The present invention therefore provides for the
administration of the agent deoxypeganine to treat such
disorders which have been caused by the use as intended or
abuse of the aforementioned substances. The same applies to
intoxication by the environmental poisons mentioned.
It is also known that the side effects mentioned can be
caused not only by use or abuse of psychotropic substances
but also as a result of single, multiple or chronic
administration of other medicaments. The use according to
the invention of deoxypeganine therefore also extends to
the treatment of symptoms or side effects caused in this
way.
Cerebral disturbances or psychiatric symptoms, e.g. memory
loss or cognitive disturbances, are also observed in the
people affected by acute poisoning (e.g. chemical
accidents) and in chronic exposure to poisons (e.g.

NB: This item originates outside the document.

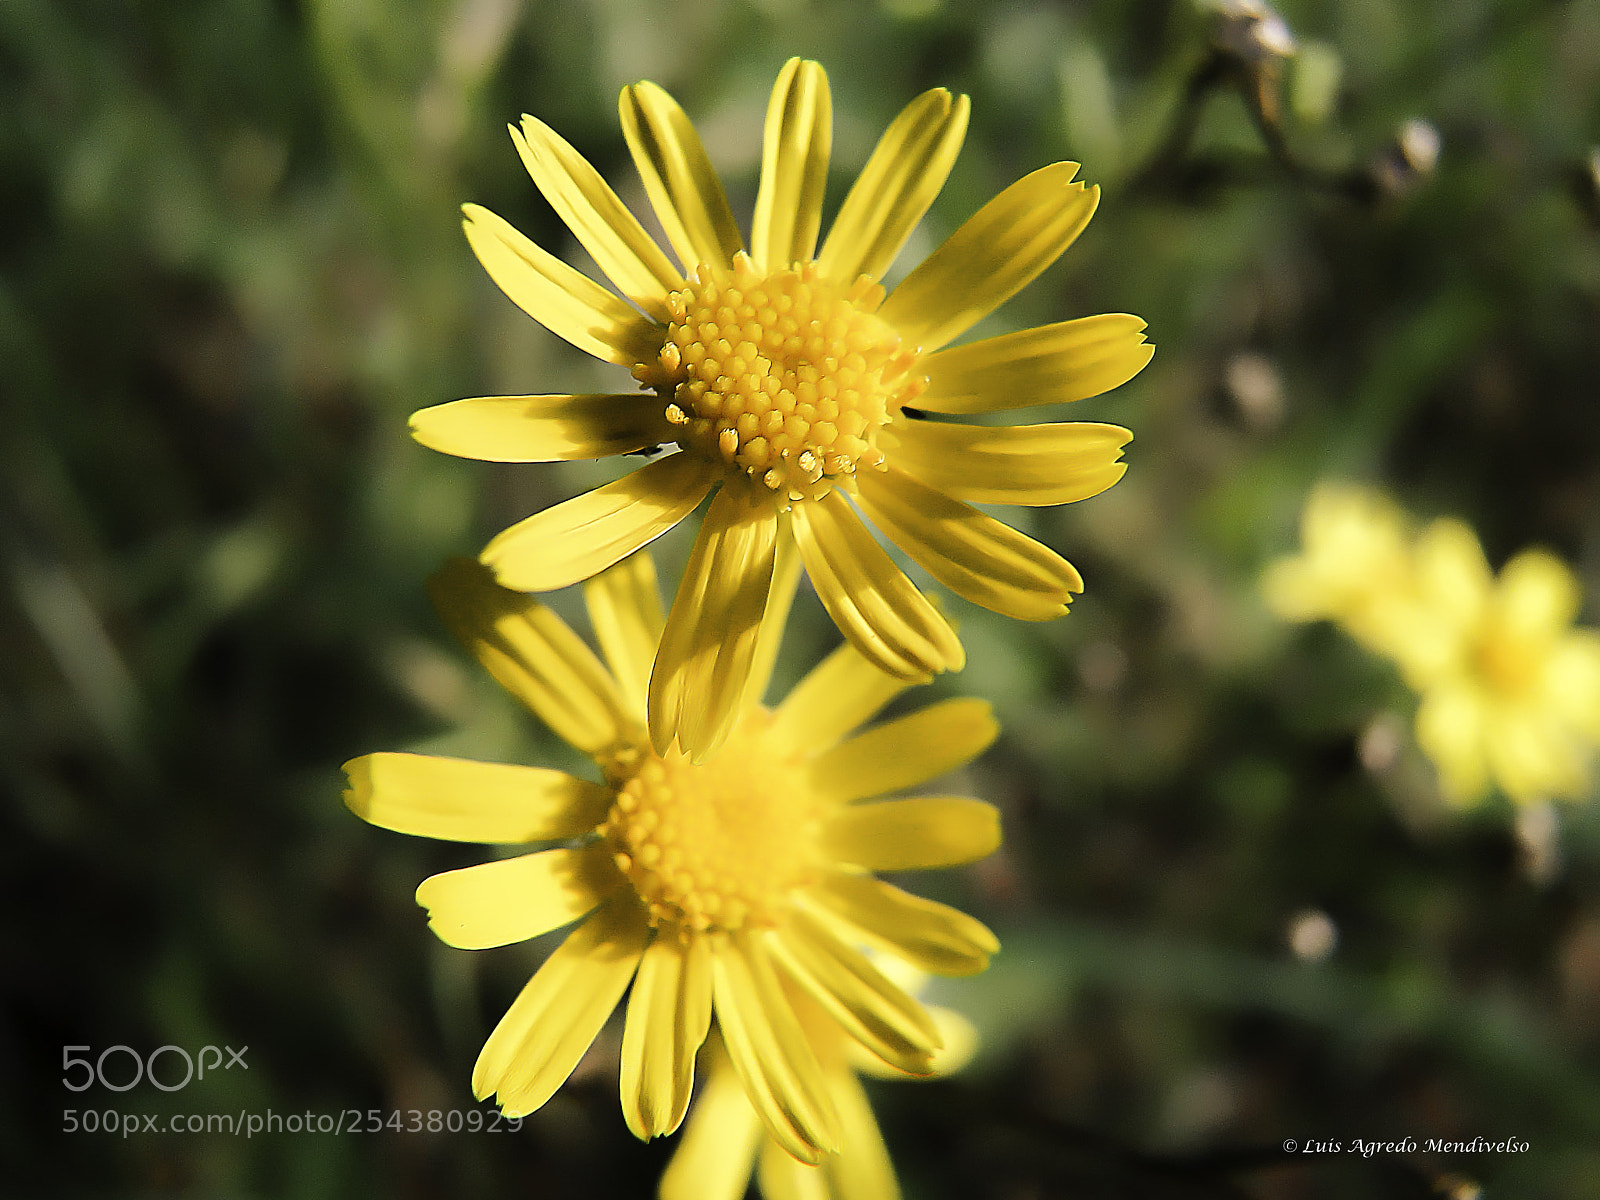 Sony Cyber-shot DSC-HX1 sample photo. Beautiful yellow daisy flowers photography

environmental poisons such as wood preservatives, PCB,
dioxins, furans, pentachlorophenol, mercury compounds and
bromine compounds, mercury, amalgams, chlorinated
hydrocarbons, halogenated biphenyls, tributyltin, wood
preservatives, etc.). The use according to the invention of
deoxypeganine therefore also extends to the treatment of
people who have been adversely affected by exposure to
poisons in the aforementioned way.
Finally, the present application also proposes the
administration of deoxypeganine in the abovementioned cases
to other vertebrates, in particular to mammals, suffering
from the symptoms or disturbances described above.